For the most part, analysts endorse Simon’s strategy, saying the cash infusion helps ensure it will have the flexibility to meet this year’s $1 billion in debt maturities and the $3 billion it’s facing in 2010.

“Although the common share and debt issuances will result in a drag on earnings, we believe pursuing a strong balance sheet trumps dilution concerns in this difficult credit environment,” Raymond James analyst RJ Milligan said in a report.

Shares of Simon and Duke have risen since the March and April offerings, in part because of the overall market rally. Simon’s stock is up 60 percent from the offering price, to $53.50. Duke’s has risen 27 percent, to $9.70.

Things haven’t worked out so well for investors in an offering by Kite Realty Group Trust, Indianapolis’ other REIT. The retail developer came to market in October-before the worst of the market plunge-raising $50 million.

The price, $10.55 a share, was nearly 50 percent below the 52-week high. But it turns out buyers didn’t get a bargain. Shares have swooned since, and now trade for just $4.55.

It’s too soon to tell whether investors in Simon and Duke are out of the woods. The additional capital helps, to be sure, but the companies still are vulnerable to the weakening fundamentals of their core businesses.
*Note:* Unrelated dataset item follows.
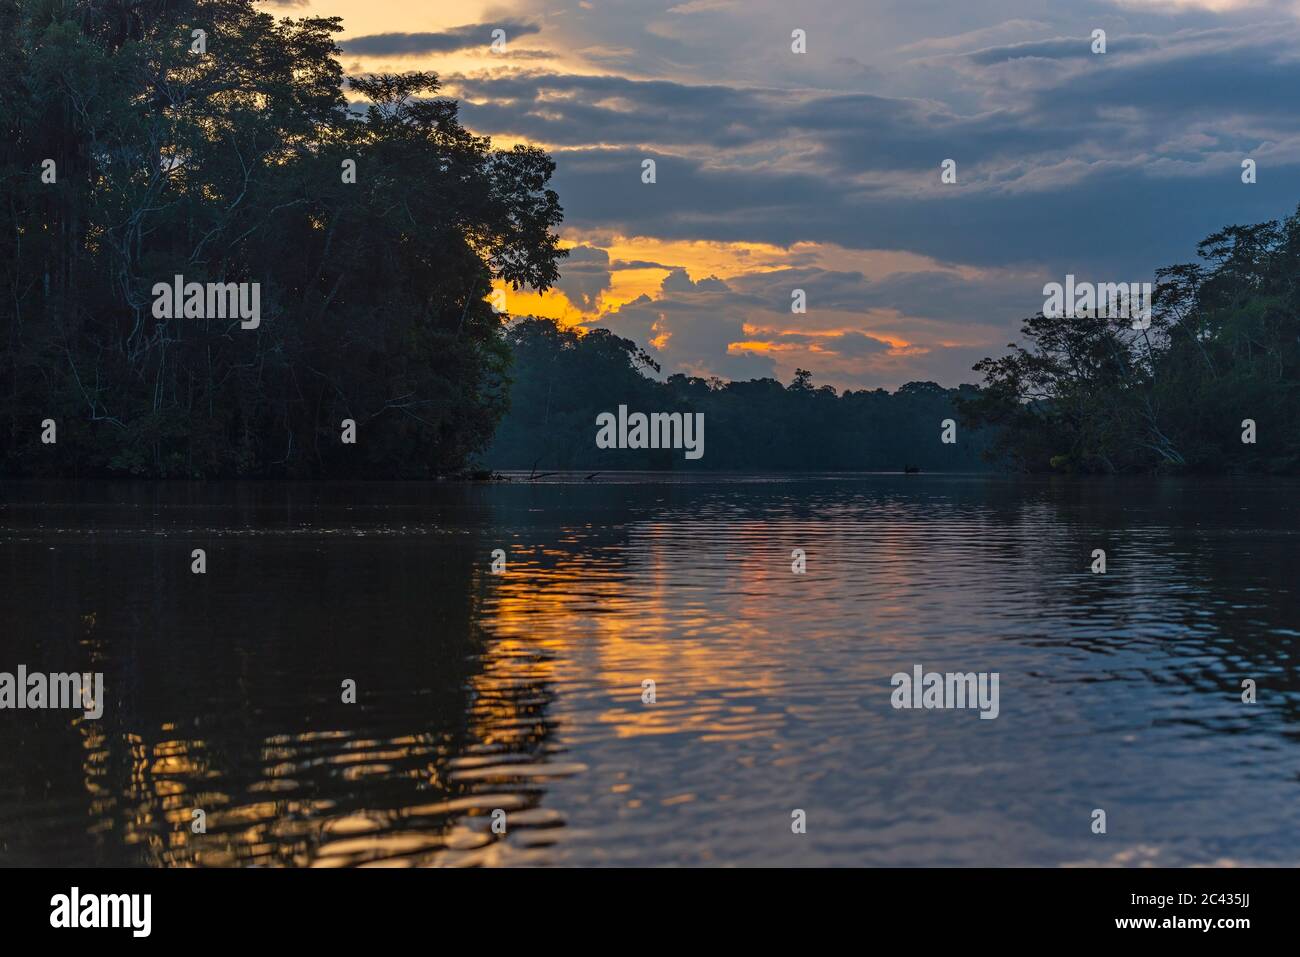 Reflection of the Amazon rainforest at sunset, Yasuni national park, Ecuador. Stock Photo

Simon saw sales per square foot in its malls drop 7.3 percent in the first quarter compared with a year earlier. And while it owns an impressive array of marketdominant properties, such as the Fashion Mall at Keystone, it also has its share of also-rans, such as Washington Square.

Weaker malls are especially susceptible to slipping into a tailspin in tough times, according to Steven Roth, CEO of Vornado Realty Trust, a New Yorkbased owner of office and retail properties.
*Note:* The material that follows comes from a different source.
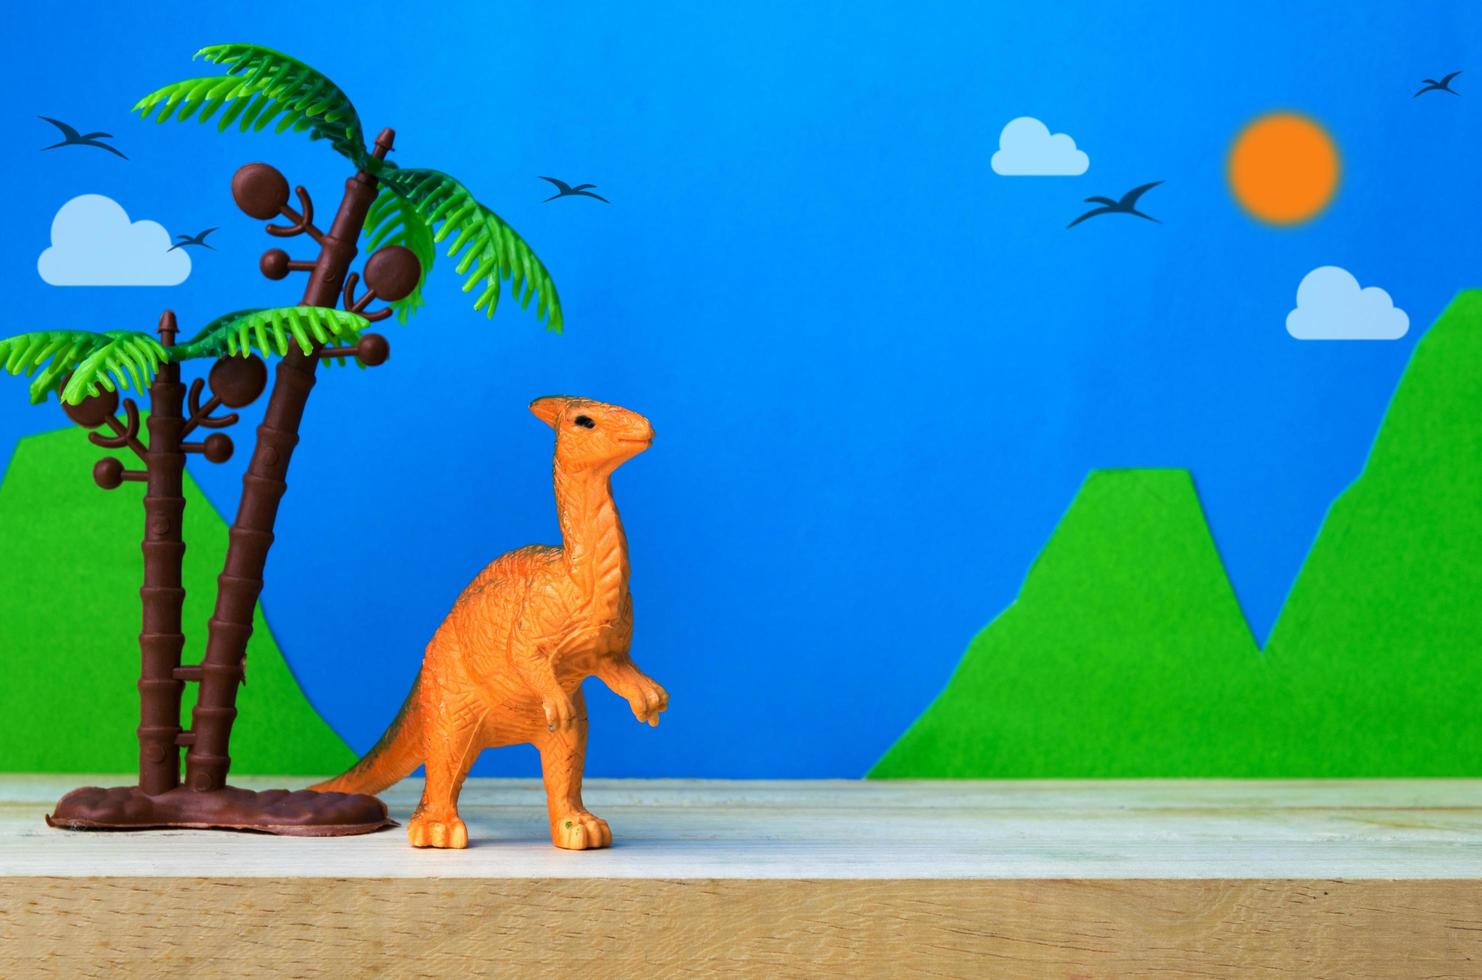 modelo de brinquedo de dinossauro parasaurolophus em fundo de modelos selvagens foto

“In many malls, in many markets, the loss of an anchor now spells a very long-term empty and dead mall wing,” he wrote in the company’s annual report.
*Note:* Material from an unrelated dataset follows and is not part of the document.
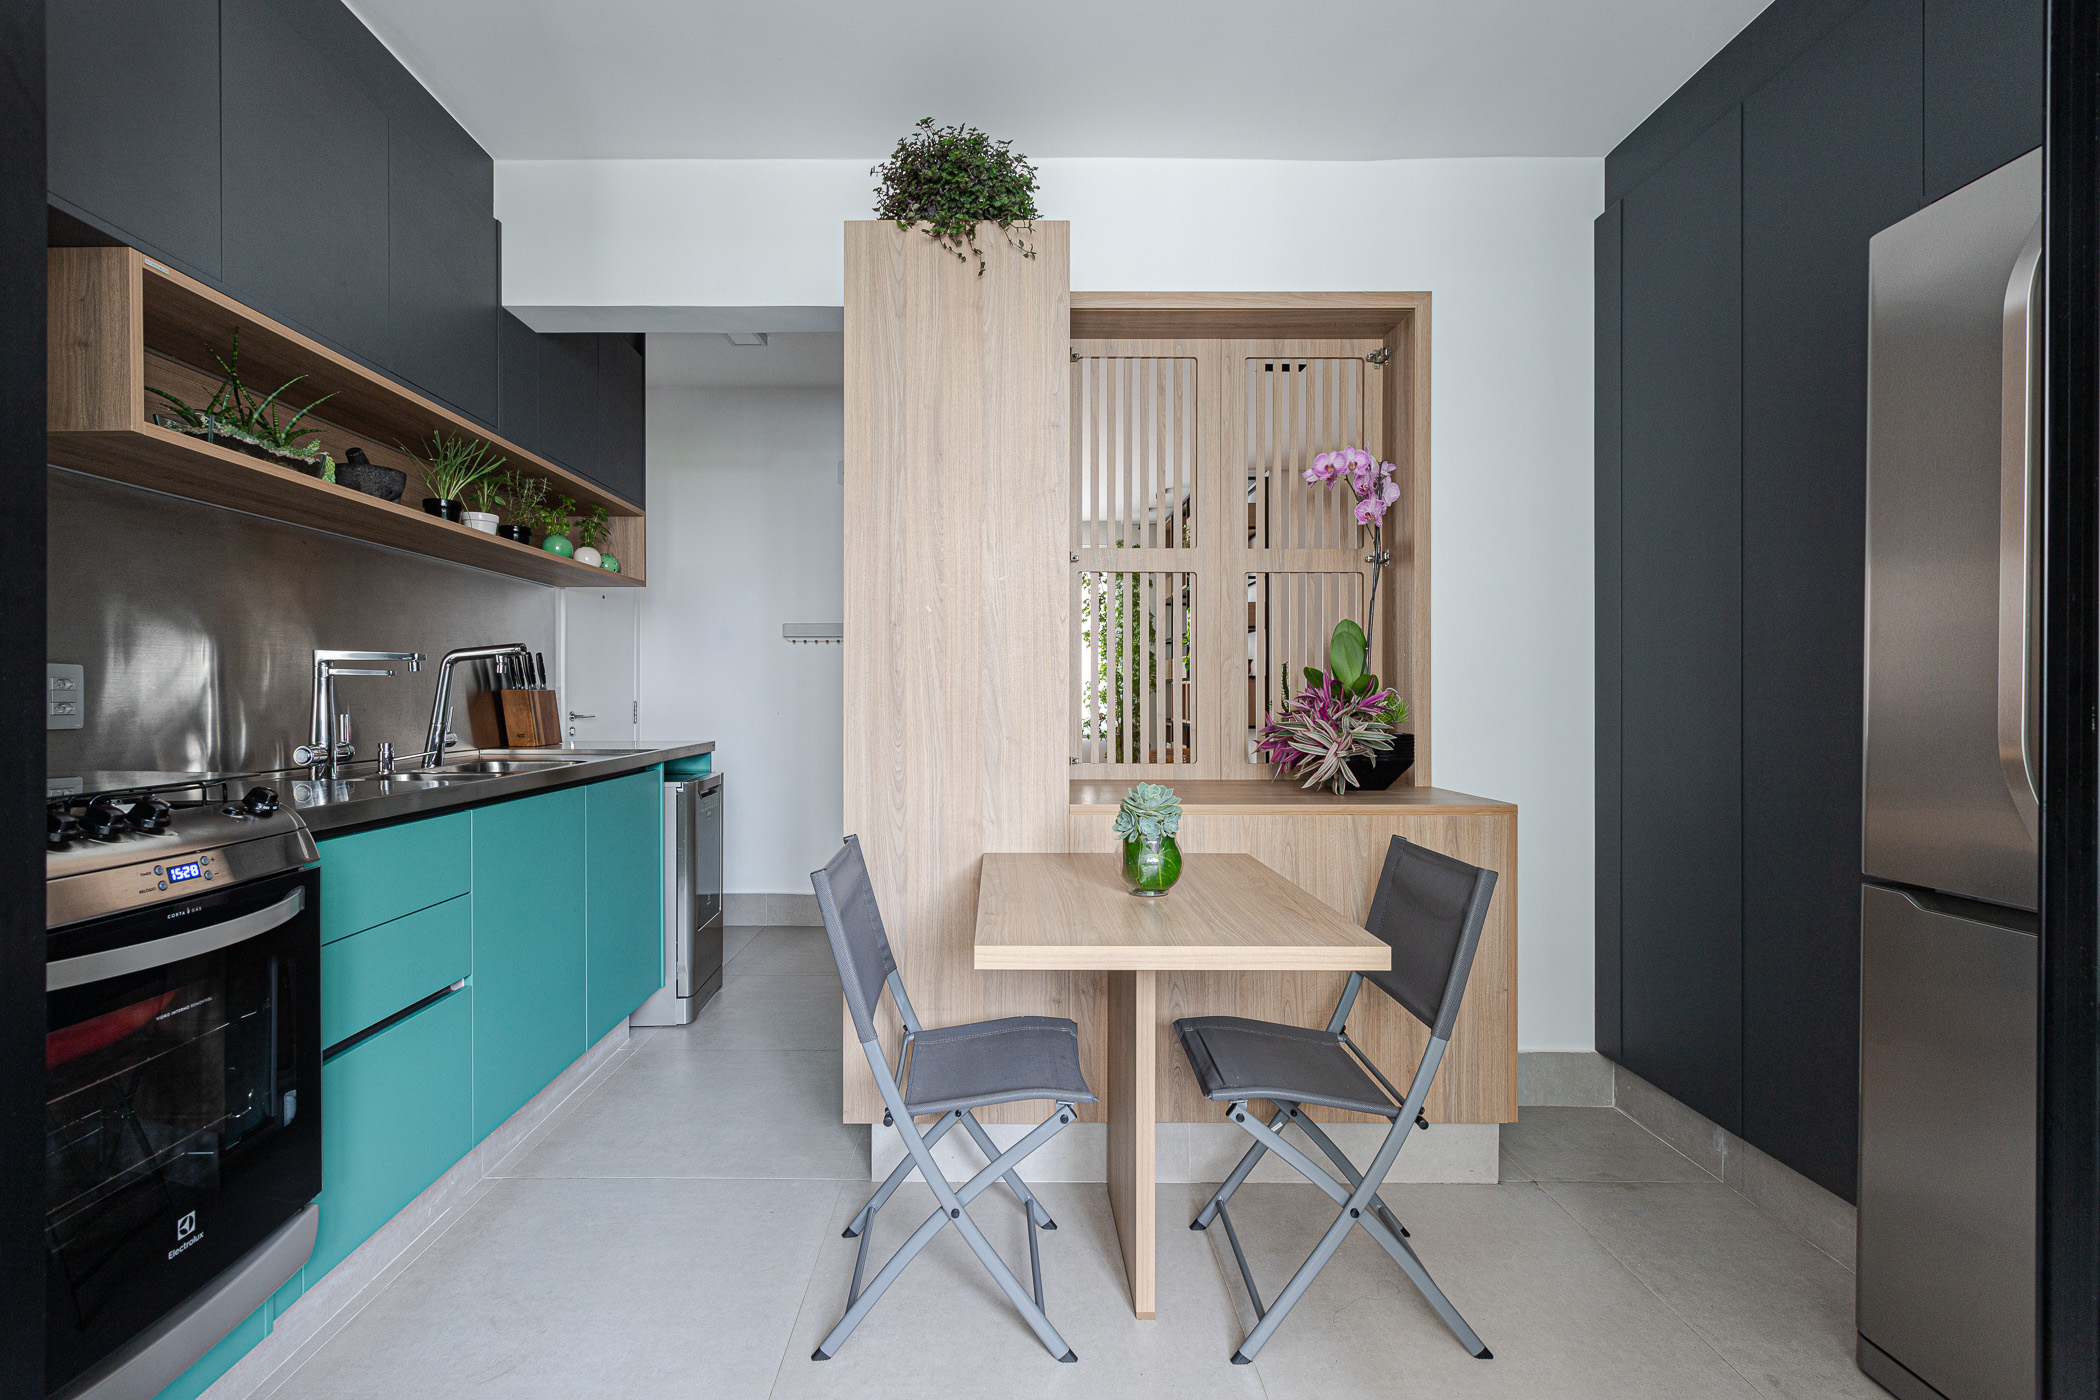 Cozinha inox marcenaria verde apartamento 95 m2 Inovando Arquitetura decoração sala jantar mesa cadeira madeira passa prato ripado cozinha

“B and C malls will suffer declining sales and difficulty replacing failed tenants and refinancing their loans.”

Dow CEO vacillates

Back in February, Dow Chemical Co. CEO Andrew Liveris expressed concern the Michigan company’s financial strain might force it to sell Dow AgroSciences, its prized Indianapolis-based subsidiary.

Then, in March, after Dow regained its financial footing, Liveris said: “We’ve designed a structure where we can control our destiny, rather than be forced to firesale. More critically, we can retain key assets like Dow AgroSciences.”

But once you throw a company into play, it’s difficult to call off the suitors. Liveris seemed to acknowledge as much during a conference call April 30, the day the company announced it was considering selling the business in whole or in part, or spinning it off through an initial public offering.

“This business is strategic to Dow, but given the current market for assets in the agricultural space, we have launched a rigorous evaluation process,” he told analysts on the call.

Liveris said one of the options for the business, which employs 1,100 in Indianapolis, is to retain full ownership. He said Dow would decide how to proceed within 90 days.